With these and other sordid discoveries, Murphy, the author of ''Fortas''
and ''The Brandeis/Frankfurter Connection,'' is well positioned to take
Douglas to the mat, yet his portrait of the justice is ultimately a
positive one. At one point, a former Supreme Court law clerk is quoted on
the matter of Douglas's personal failings: ''You just have to say to
yourself, 'You know, enough people are pains in the neck who don't do
anything worthwhile in their lives.' '' This seems to be a fair statement
of Murphy's own attitude. In his 36 years on the court, Douglas was, in
Murphy's telling, a defender of the common good whose opinions on privacy,
civil liberties and the environment made him ''the one person who could
and did make a real difference in the American judicial system.'' It's
refreshing to see a biographer who can keep separate his judgments about
his subject's personal and intellectual lives. In this case, however, it's
not clear that Murphy should have been so generous.

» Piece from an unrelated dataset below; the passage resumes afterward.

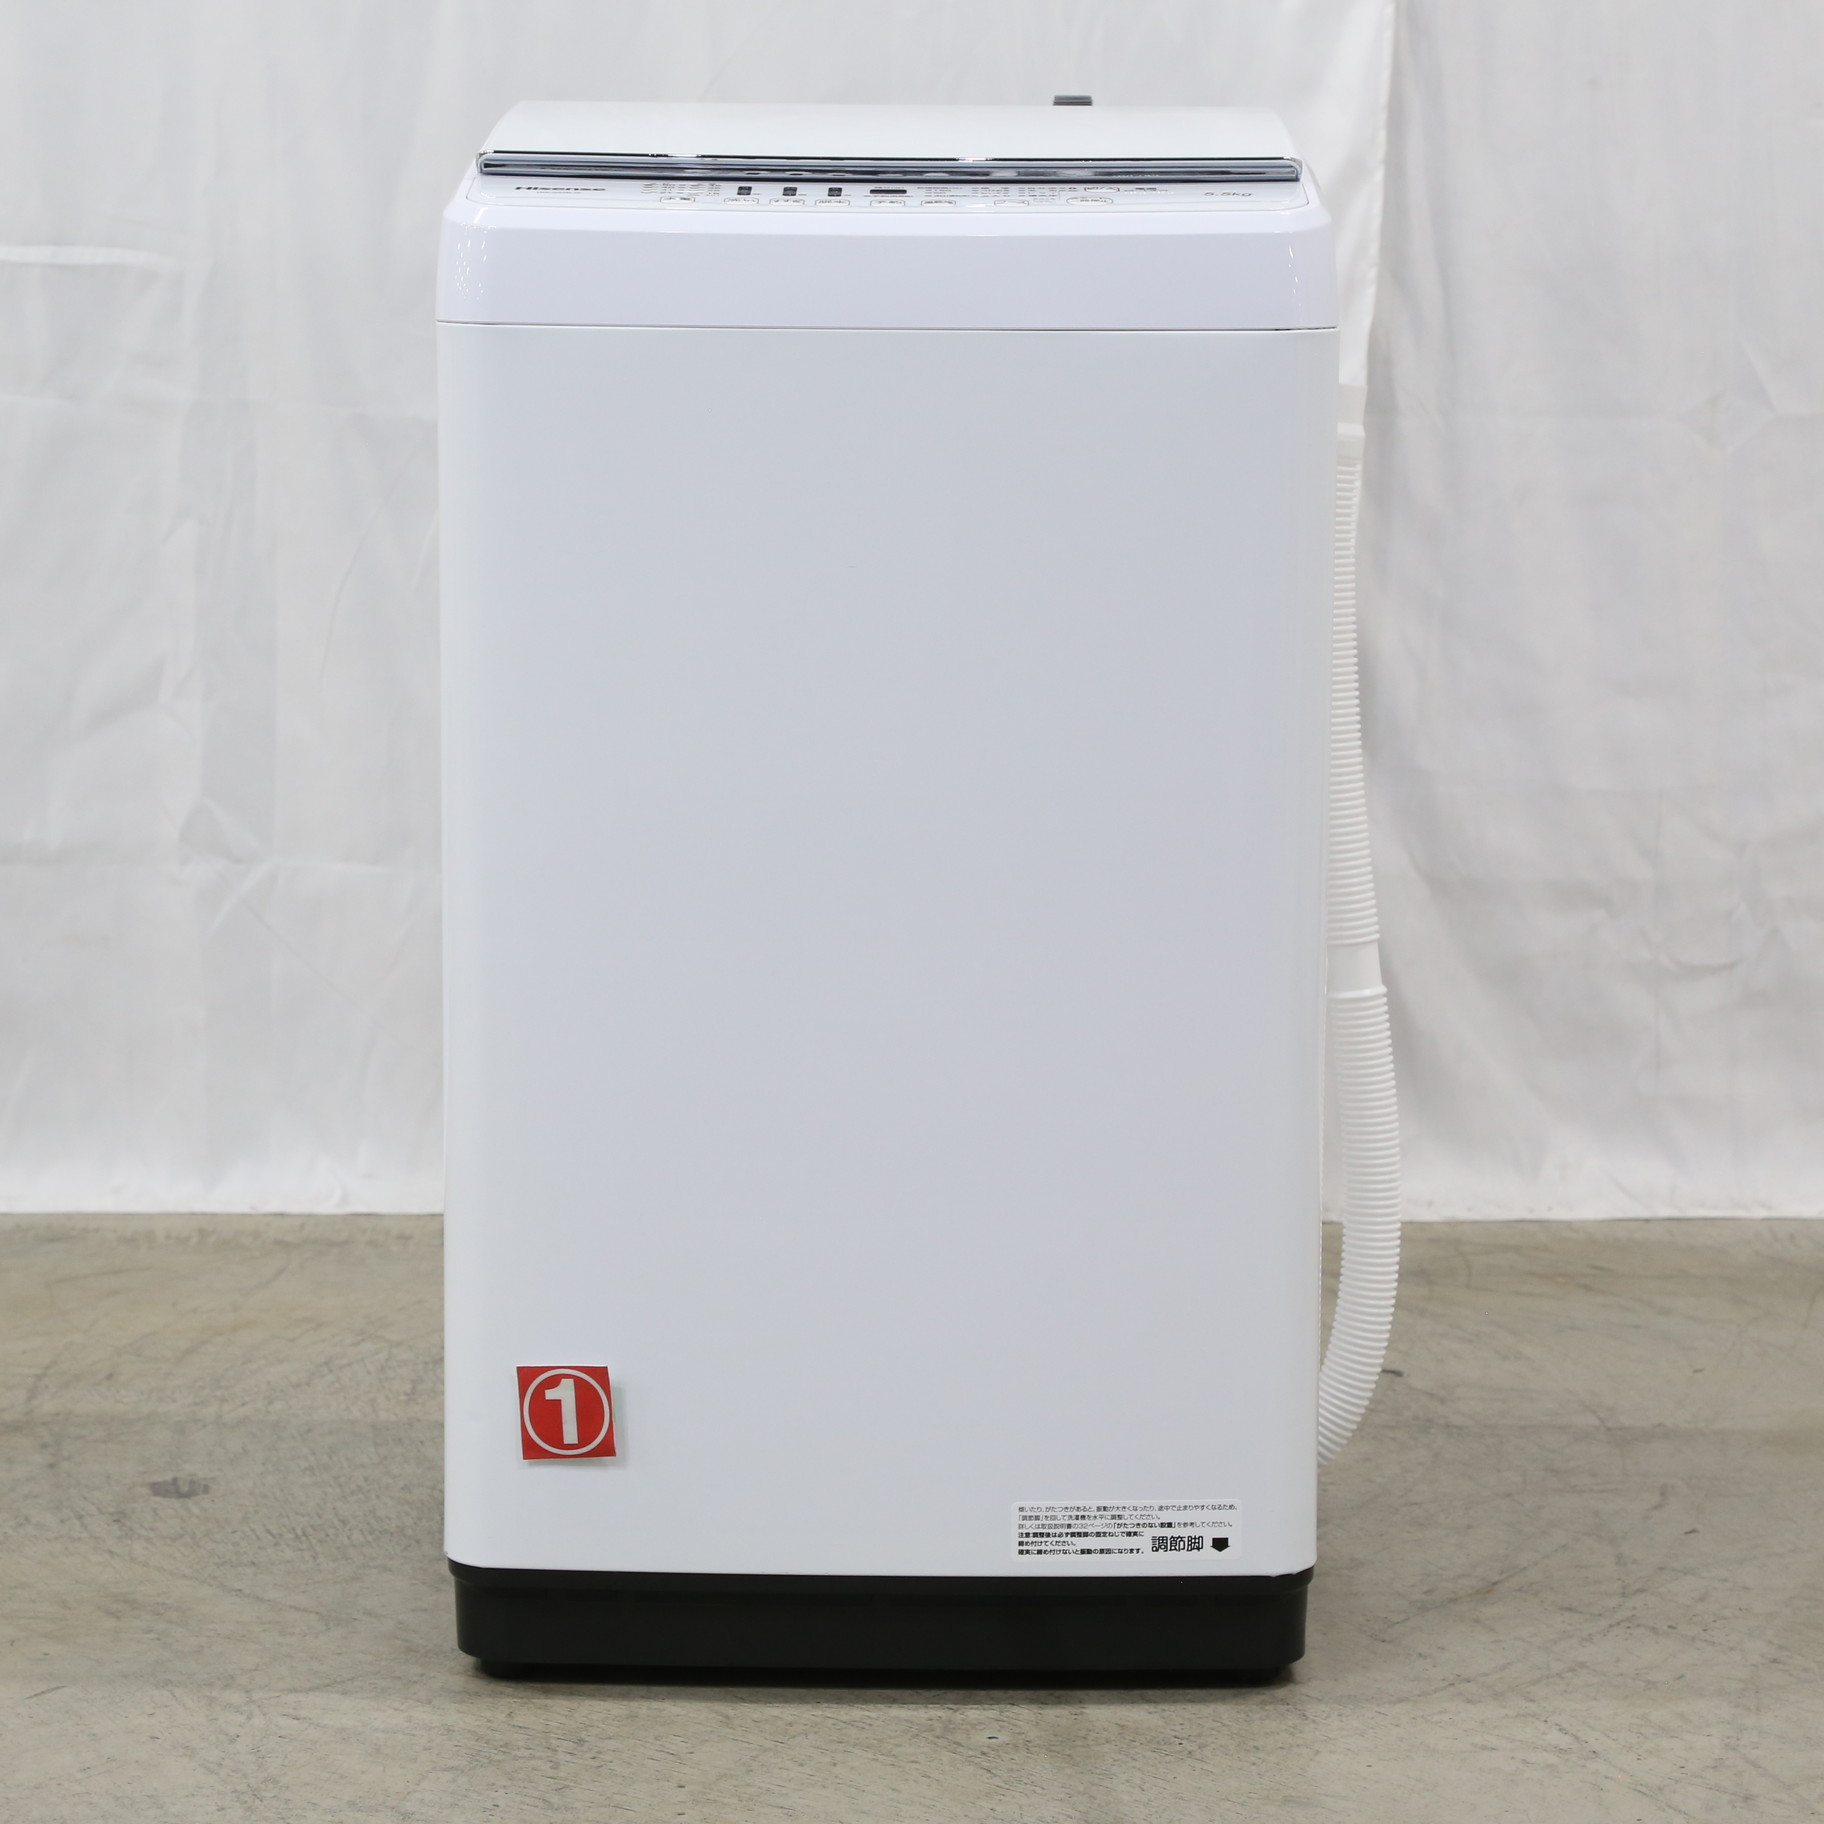 Hisense(ハイセンス) 全自動洗濯機 ホワイト HW-G55B-W - 洗濯機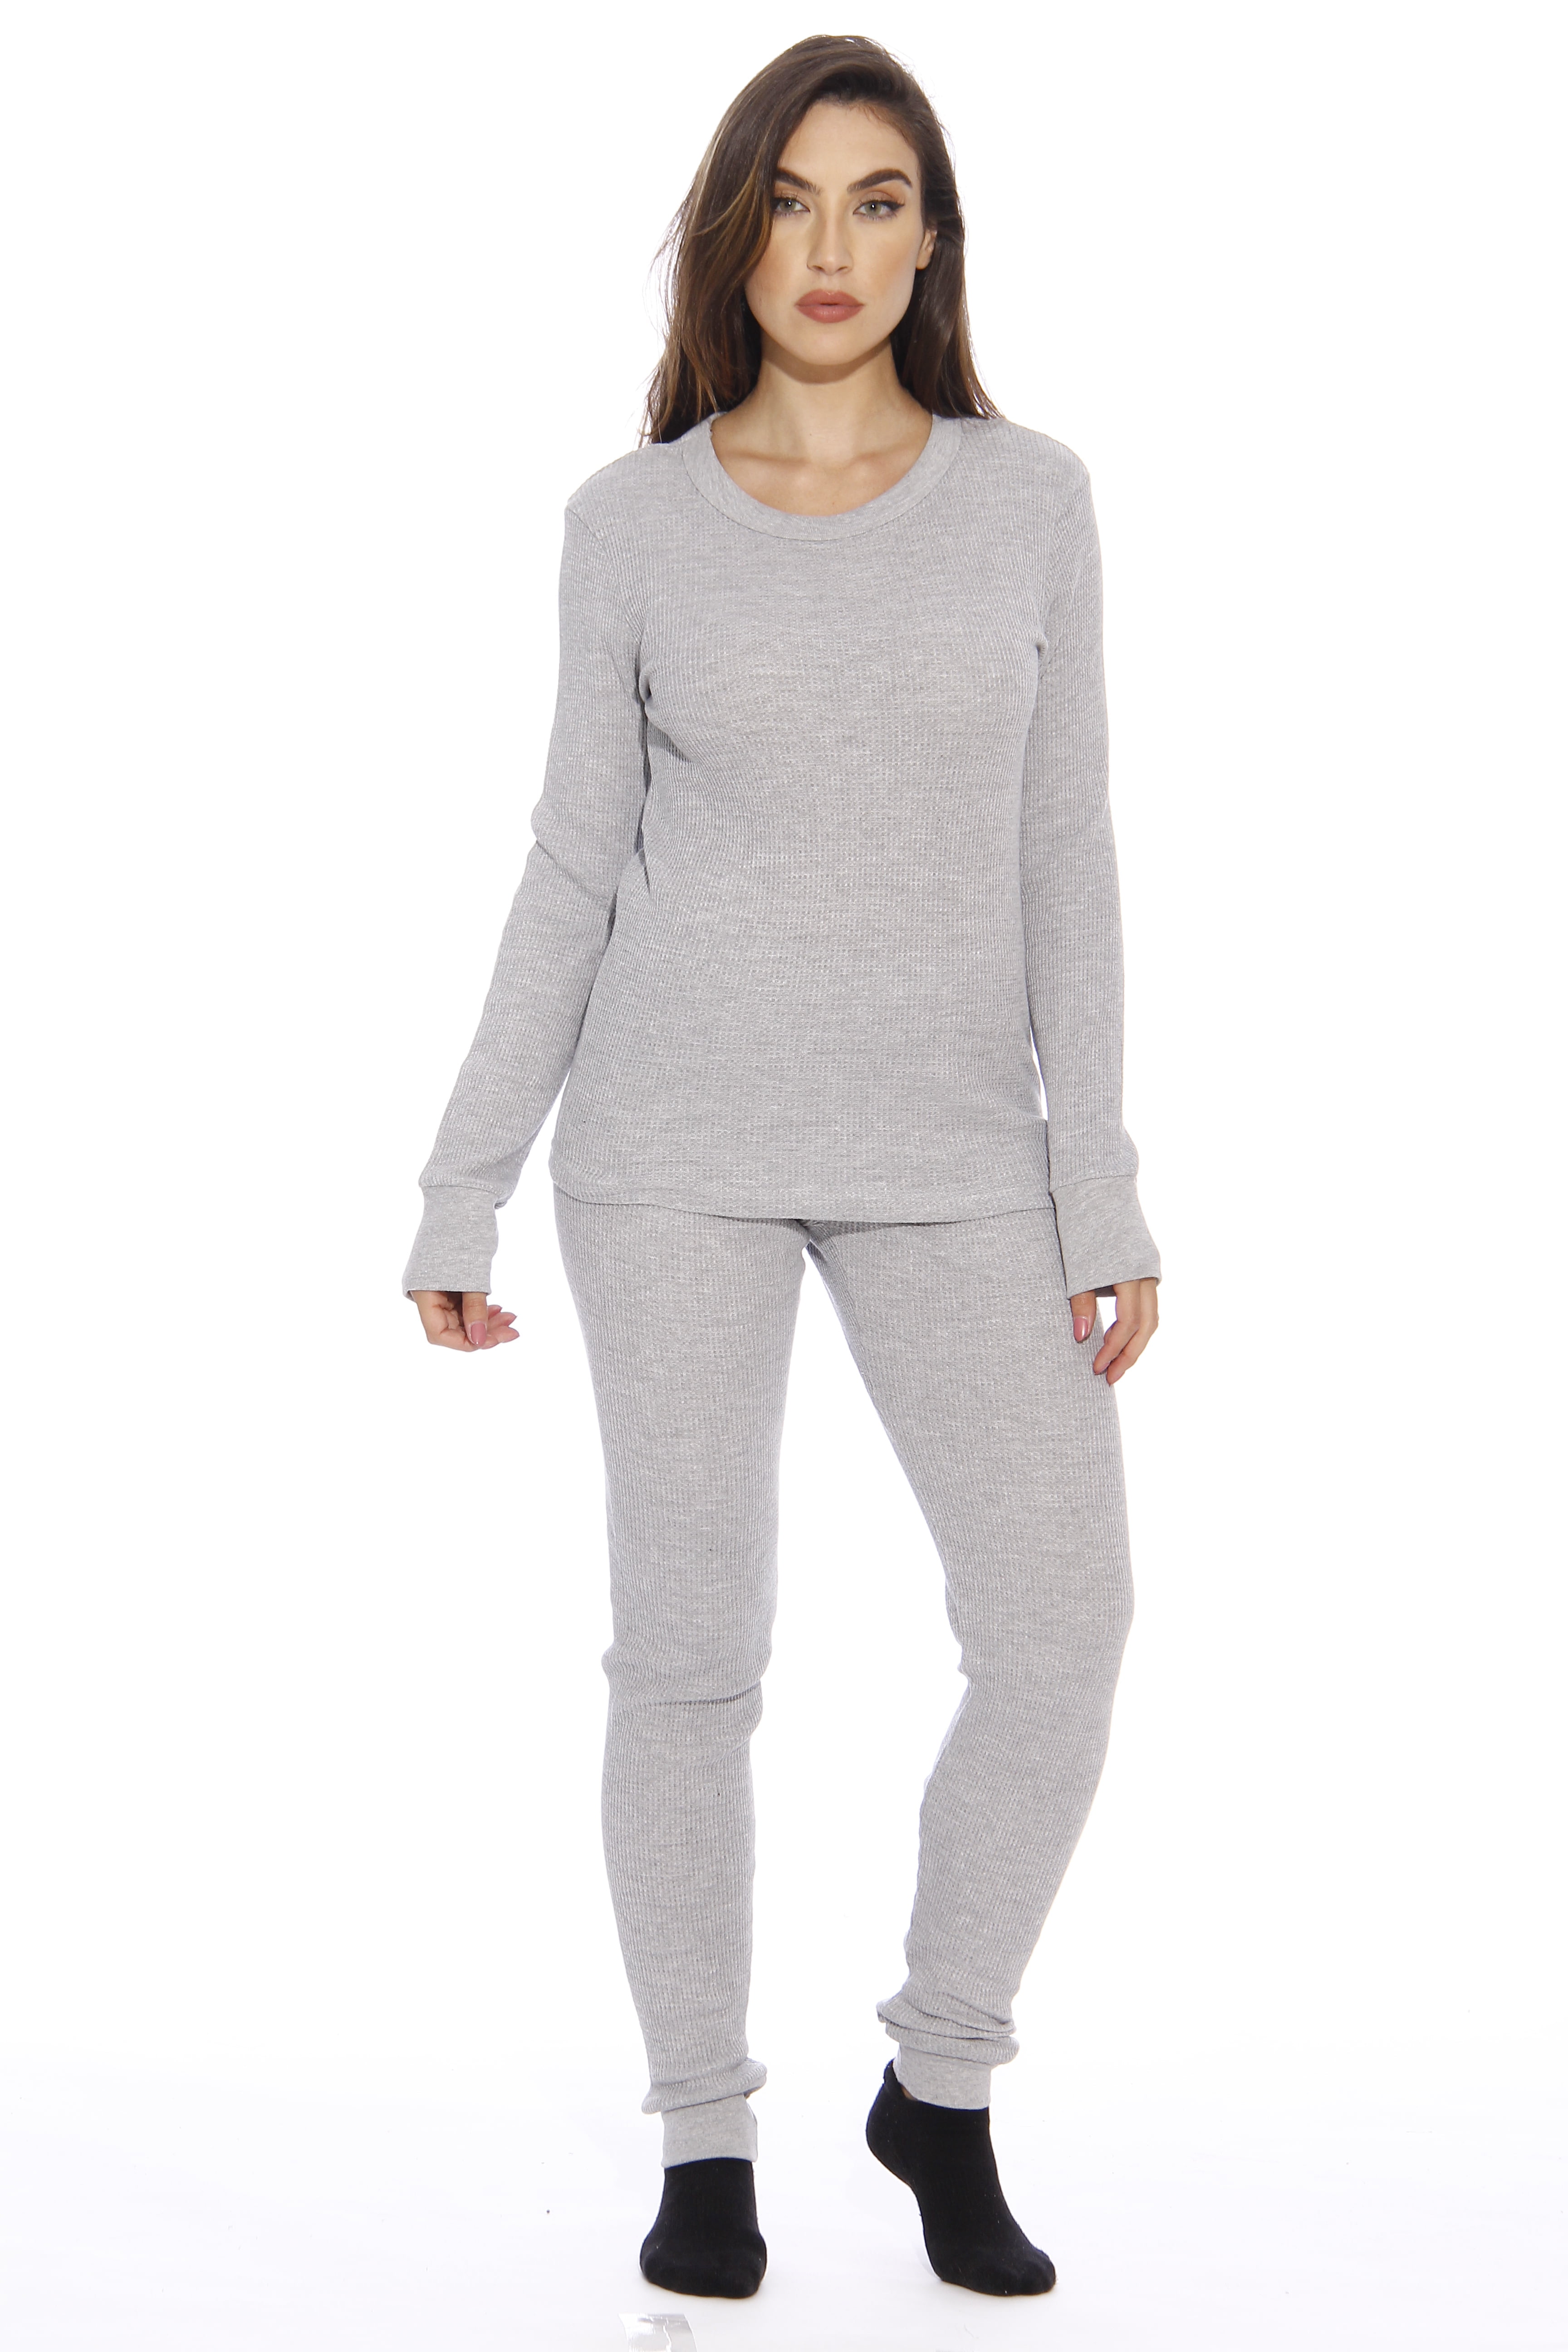 Just Love Women's Thermal Underwear Pajamas Set (Grey, Medium)

No sooner had President Franklin D. Roosevelt appointed Douglas to the
Supreme Court in 1939 than he became bored with the job. He had previously
served as the chairman of the Securities and Exchange Commission,
aggressively reforming Wall Street in the aftermath of the nation's
financial collapse. The staid court, by contrast, forced one ''to wait for
the food to come washing up to your mouth with the high tide,'' as he put
it, borrowing an image from Oliver Wendell Holmes. Antsy, he spent a great
deal of time angling to leave the court for a political position that
would give him a shot at the presidency.

Douglas's legal opinions during this period, though reliably liberal, were
often highly deferential to the government. In the 1946 case Zap v. United
States, he wrote for the court in ruling that federal contractors
automatically waive their Fourth and Fifth Amendment rights when
contracting with the government. He also sided with the majority in the
notorious 1944 Korematsu opinion affirming the constitutionality of the
wartime internment of Japanese-Americans. If a guiding jurisprudential
philosophy underlay his views, it involved, as Murphy concedes,
''determining which issues were in his own best interests, battling with
his enemies and taking positions with an eye to his political future.''

By the mid-1960's, Douglas had resigned himself to the fact that he would
never escape the court for the White House, and his judicial stance became
increasingly standoffish. This was a strange reaction if Douglas was
indeed ''the one person who could and did make a real difference in the
American judicial system,'' for the court had become solidly liberal, and
Douglas could have assumed an influential leadership role. Instead, he
distanced himself even from Hugo Black, his ally in dissent in the early
1950's, when the court was predominantly conservative. By the end of his
career, Douglas had dissented in almost 40 percent of the decisions he
faced, and in more than half of those dissents he wrote only for himself.
Because the content of these later dissents was increasingly that of a
hard-line civil libertarian, Murphy appears to see in Douglas an
ideological shift for the good.

But was this a principled transformation or just Douglas's preening,
grandstanding and iconoclasm as they manifested themselves in a liberal
environment? Murphy never attempts to explain the change in Douglas's
judicial worldview, other than to suggest that his later opinions
expressed the democratic spirit and the ''desire never to be chained in,''
which were fostered by growing up in the frontier town of Yakima. This
interpretation not only fails to account for Douglas's earlier opinions,
but it risks succumbing to the very pioneer myth that Murphy has otherwise
worked so diligently to dismiss. Absent a compelling ideological
explanation, it's hard to avoid the impression that Douglas was, on the
court as well as off, a showboat and a troublemaker, and -- as his
nickname suggests -- too wild for his own good.